Opened 5 years ago
Last modified 4 years ago
#32492 closed New feature
Add django API for Postgres pg_trgm word_similarity, fuzzy full-text search. — at Initial Version
| Reported by: | Taneli | Owned by: | nobody |
|---|---|---|---|
| Component: | contrib.postgres | Version: | dev |
| Severity: | Normal | Keywords: | |
| Cc: | Paolo Melchiorre | Triage Stage: | Ready for checkin |
| Has patch: | yes | Needs documentation: | no |
| Needs tests: | no | Patch needs improvement: | no |
| Easy pickings: | no | UI/UX: | no |
Description
Use case: filter queryset by an inexact substring. For example, retrieve an object with the following headline ' Dogecoin is following bitcoin in its dramatic rise' when searching for 'dogge'.

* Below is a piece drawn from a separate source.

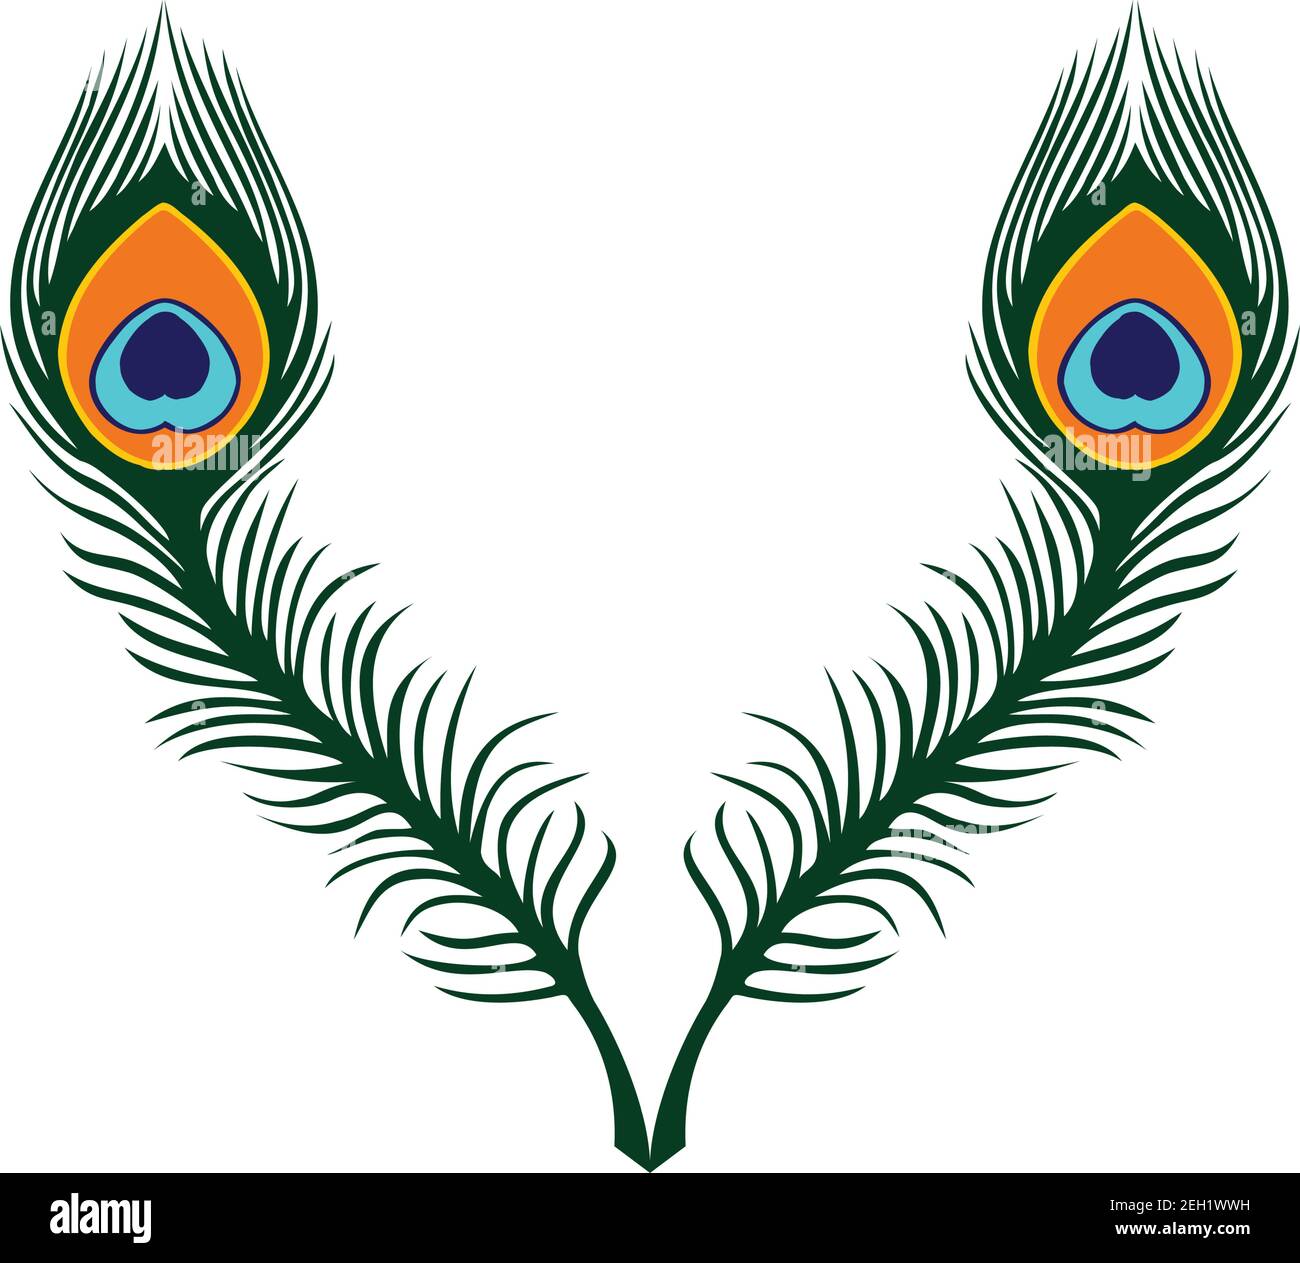 Arte de plumas de pavo real fotografías e imágenes de alta resolución -  Alamy

Currently it is possible to filter a queryset on the basis of trigram similarity between the search string and full text stored in a column.
Author.objects.annotate(similarity=TrigramSimilarity('name', test),).filter(similarity__gt=0.3)
This is a wrapper around the similarity function of the pg_trgm extension. While it allows comparing full strings, i.e. searching for 'doge' would find 'dogs' or 'dogge' it is useless for fuzzy searching of substrings.
SELECT similarity('dogge', 'doge');
---------
0.57
SELECT similarity('dogge', 'dogecoin is following bitcoin');
------------
0.1
word_similarity does take into account the word boundaries
SELECT word_similarity('doge', 'dogecoin is following bitcoin');
--------------
0.5
Adding a django API to word_similarity would allow for better fuzzy fulltext search without a need to use either raw SQL or external tools like elasticsearch.